Task goal » A faithful copy of the listing below is needed, one that contains no pictures.

Data »
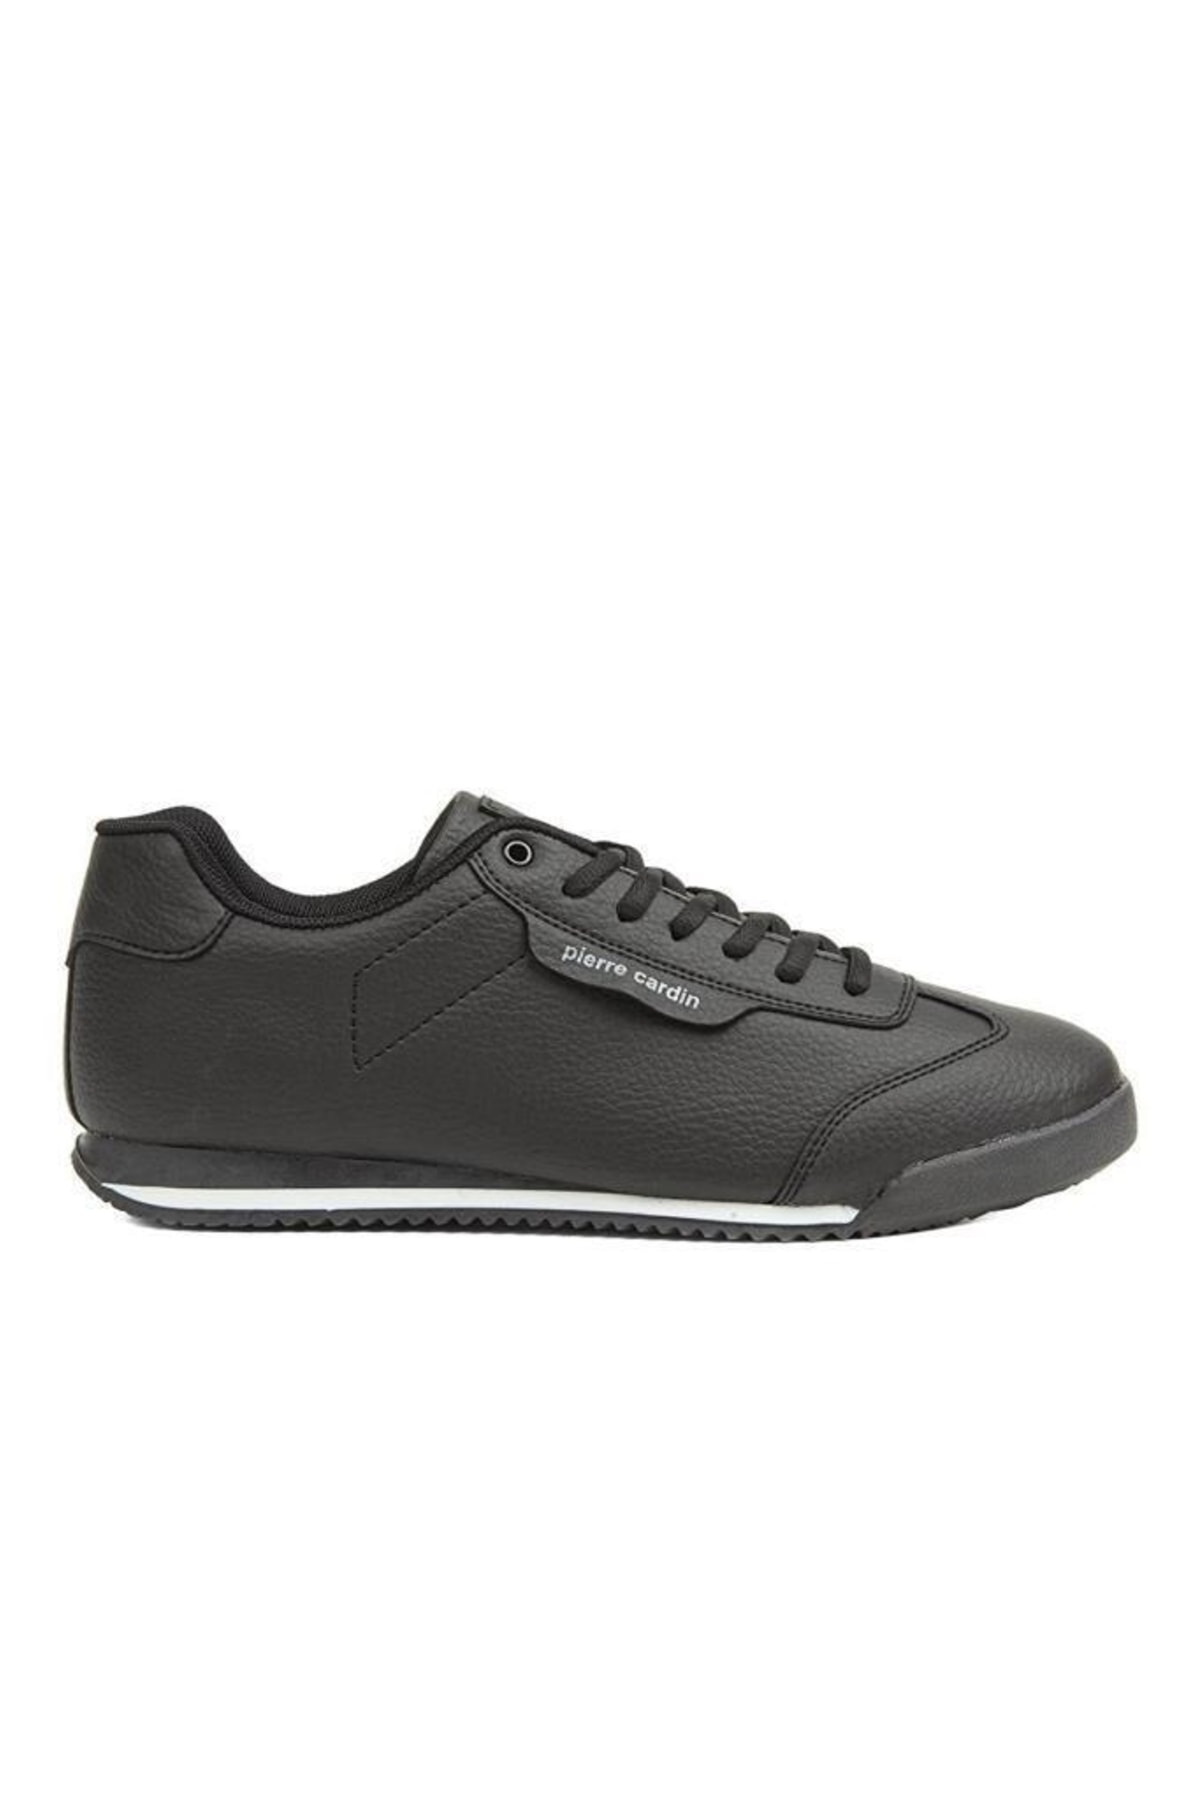 Pierre Cardin Pc-31249 Erkek Günlük Sneaker Spor Ayakkabı
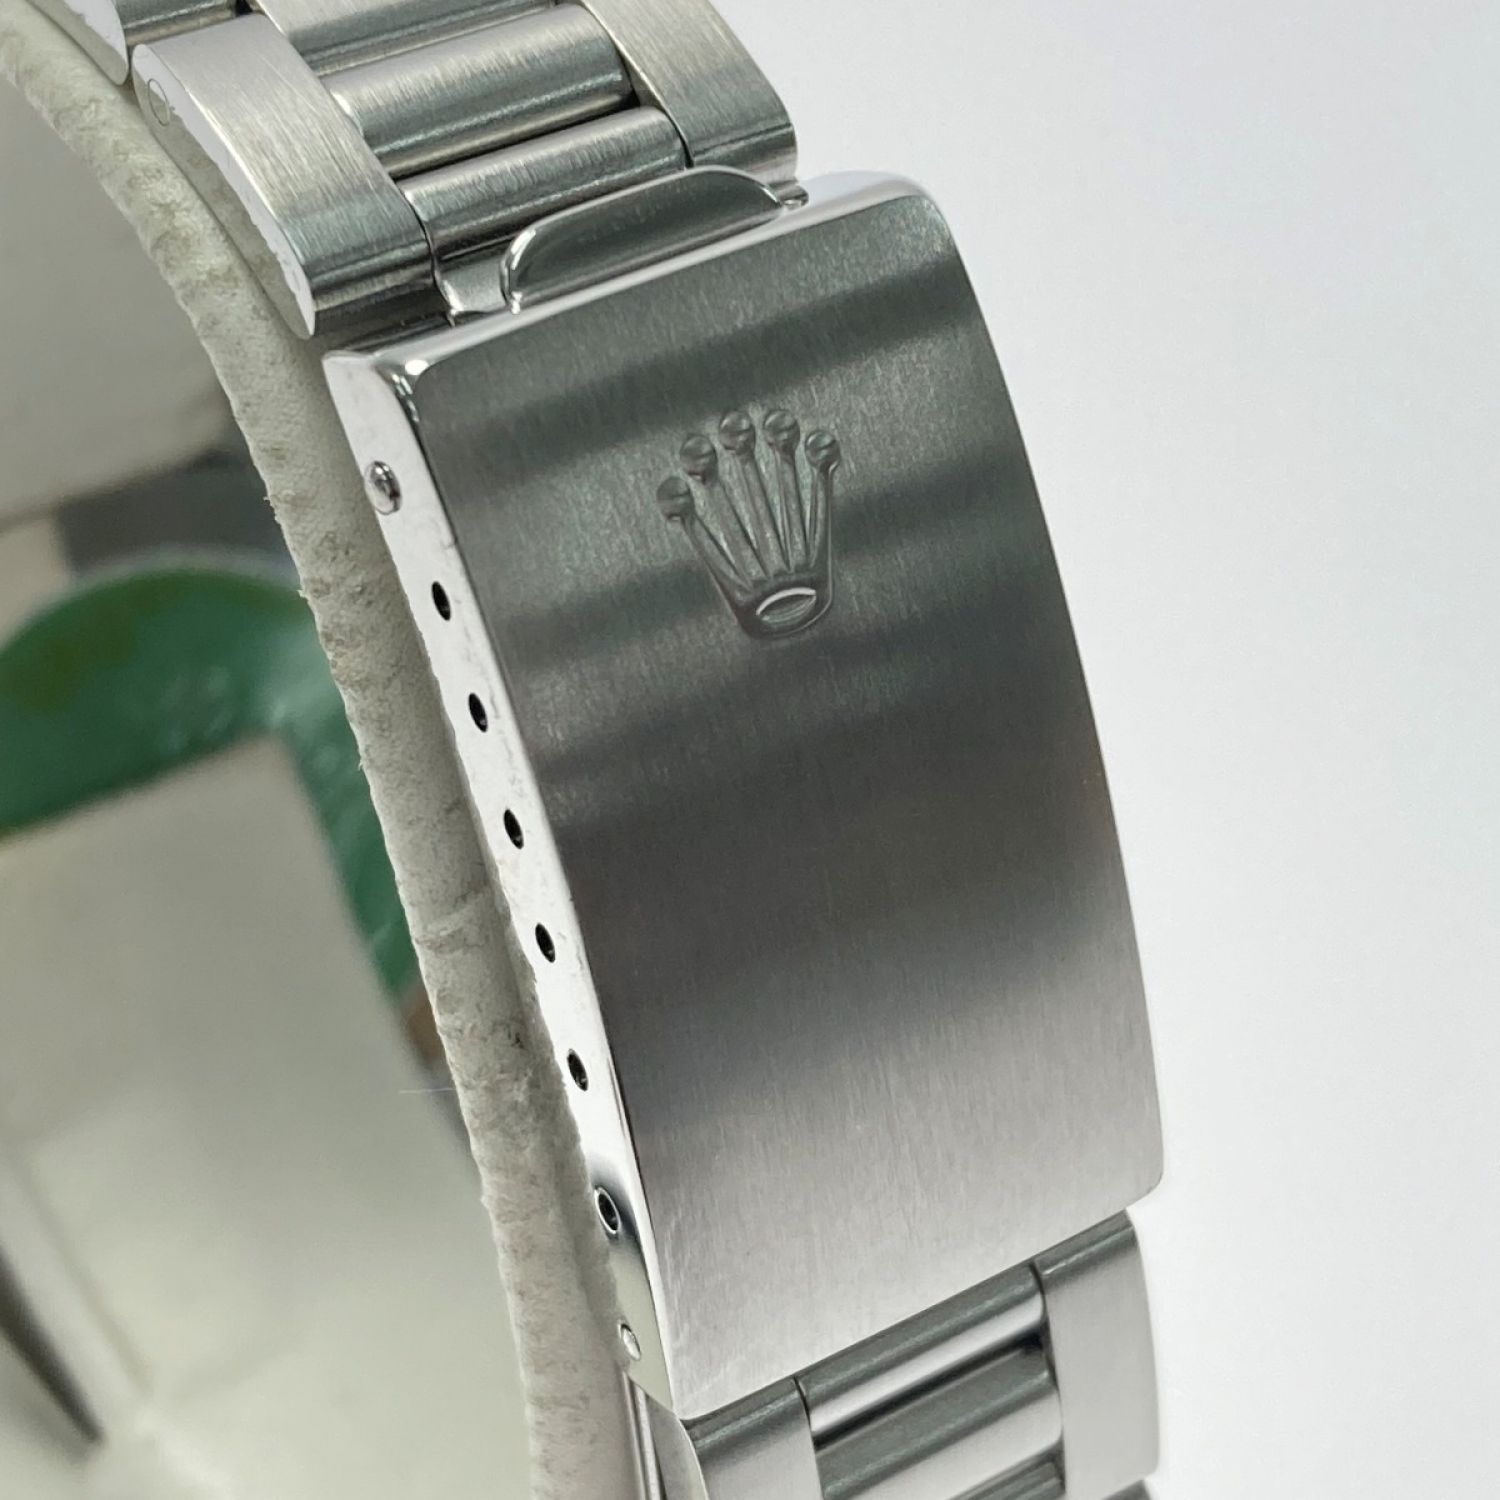 ロレックス ROLEX 14000 A番(1999年頃製造) ブラック メンズ 腕時計
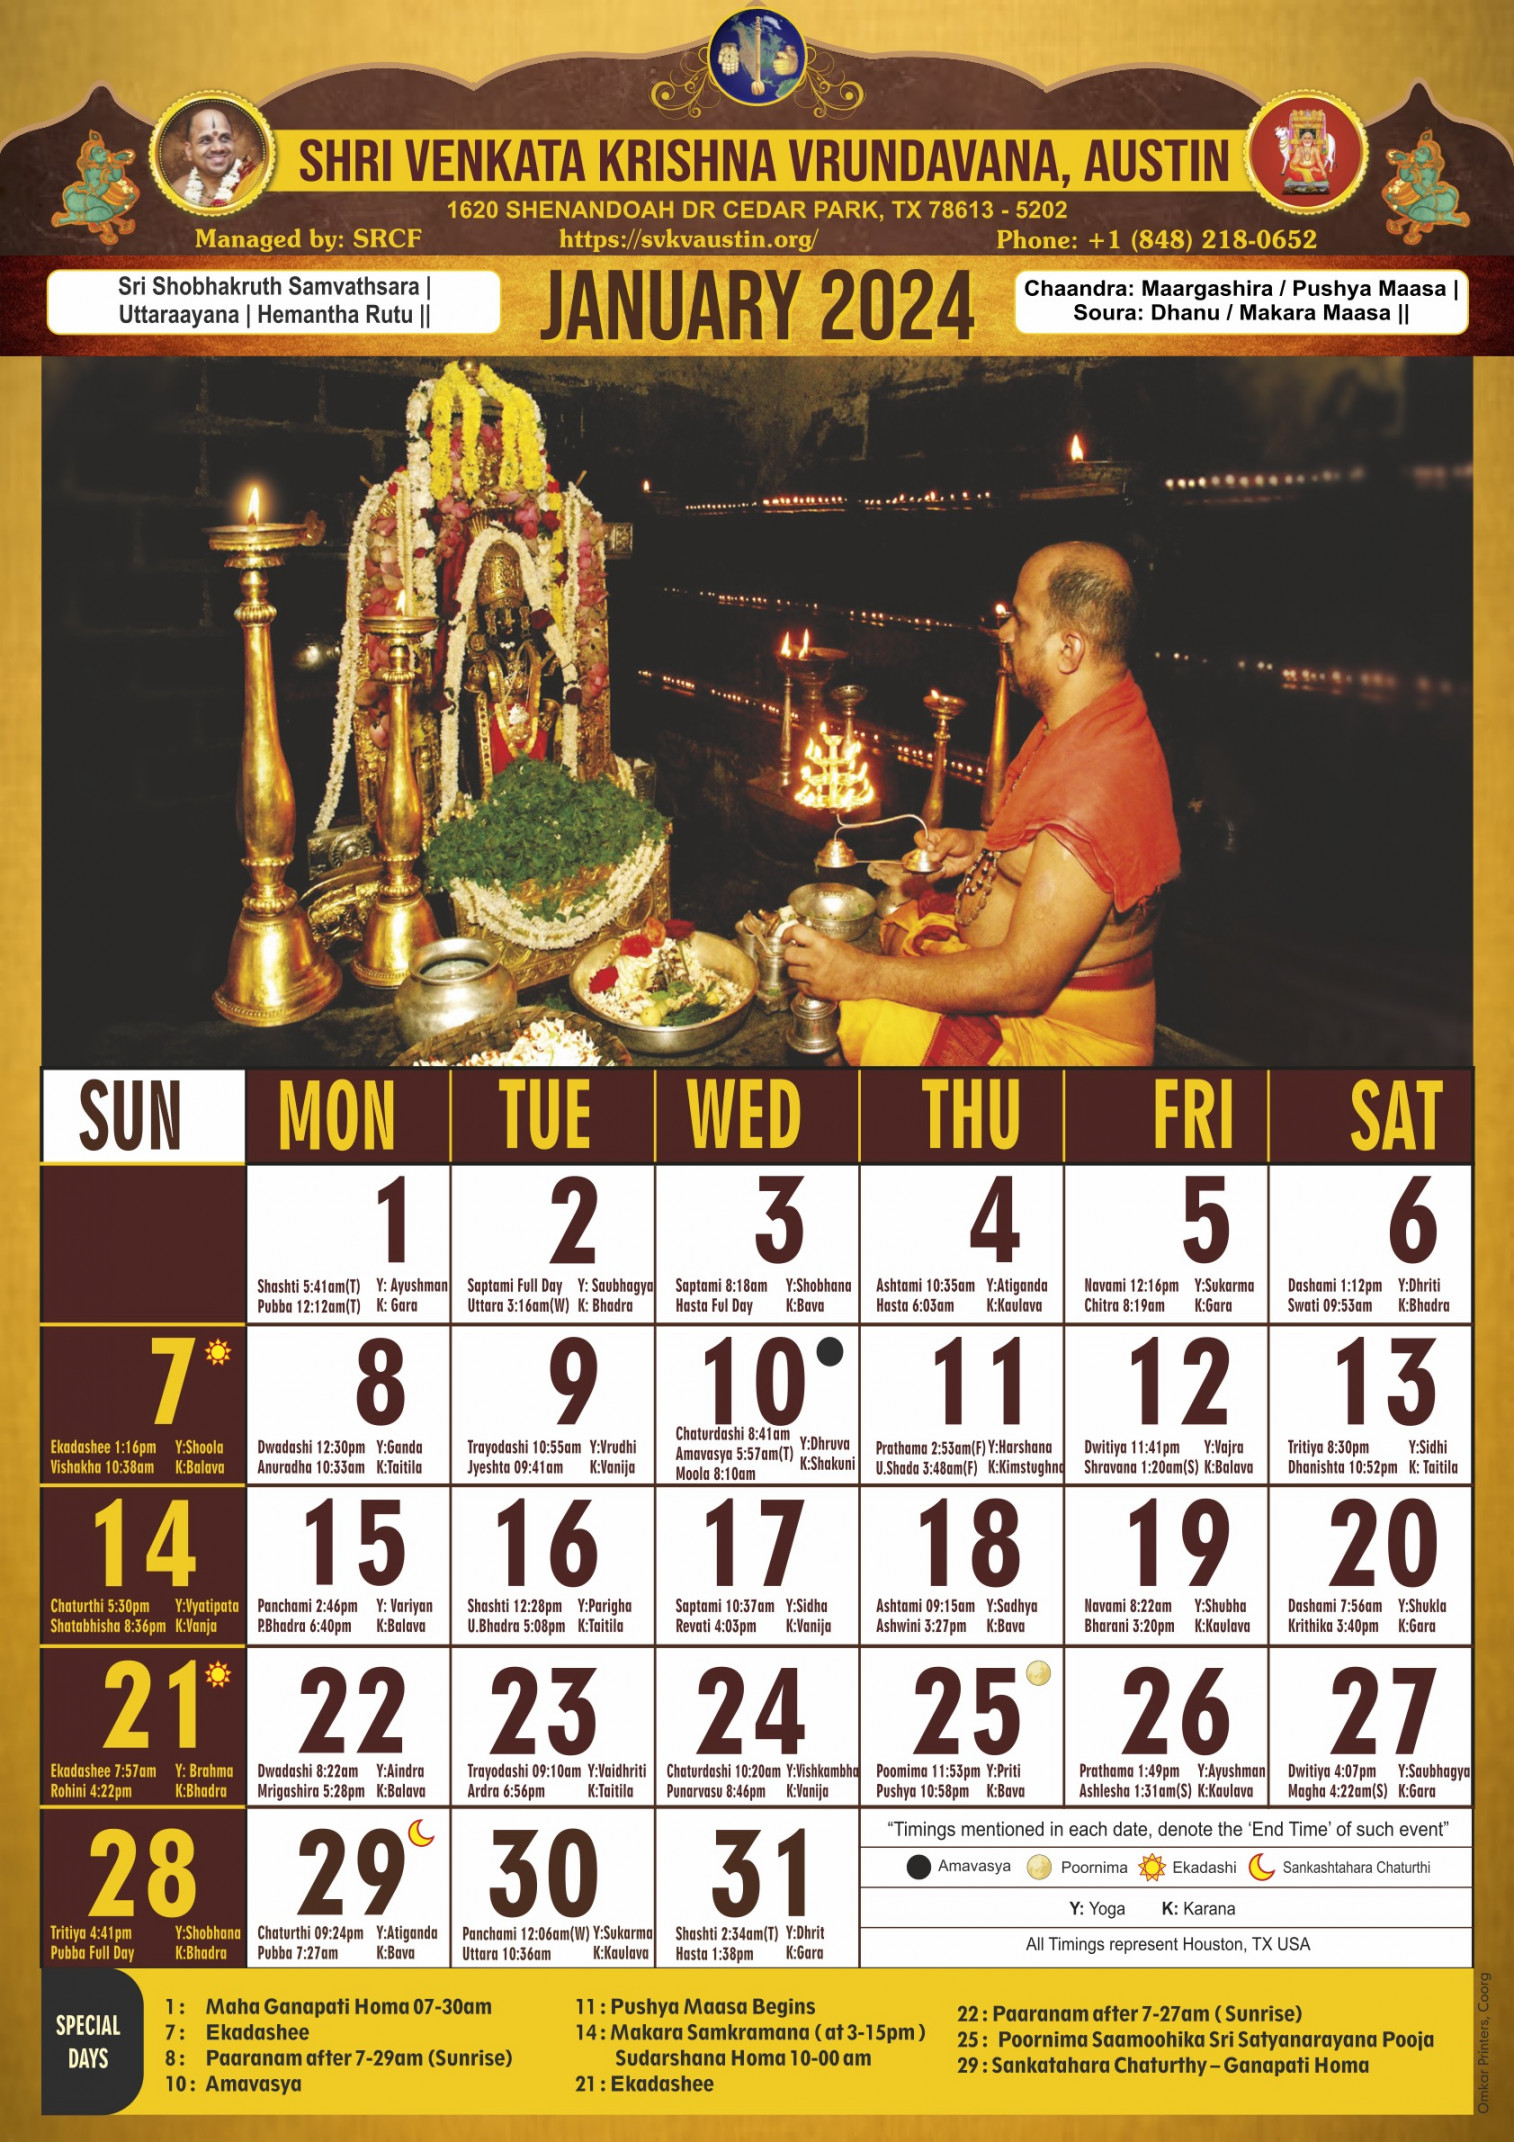 Calendar Release – Shri Venkata Krishna Vrundavana Austin

Task output »
 Pierre Cardin Pc-31249 Erkek Günlük Sneaker Spor Ayakkabı
 ロレックス ROLEX 14000 A番(1999年頃製造) ブラック メンズ 腕時計
 Calendar Release – Shri Venkata Krishna Vrundavana Austin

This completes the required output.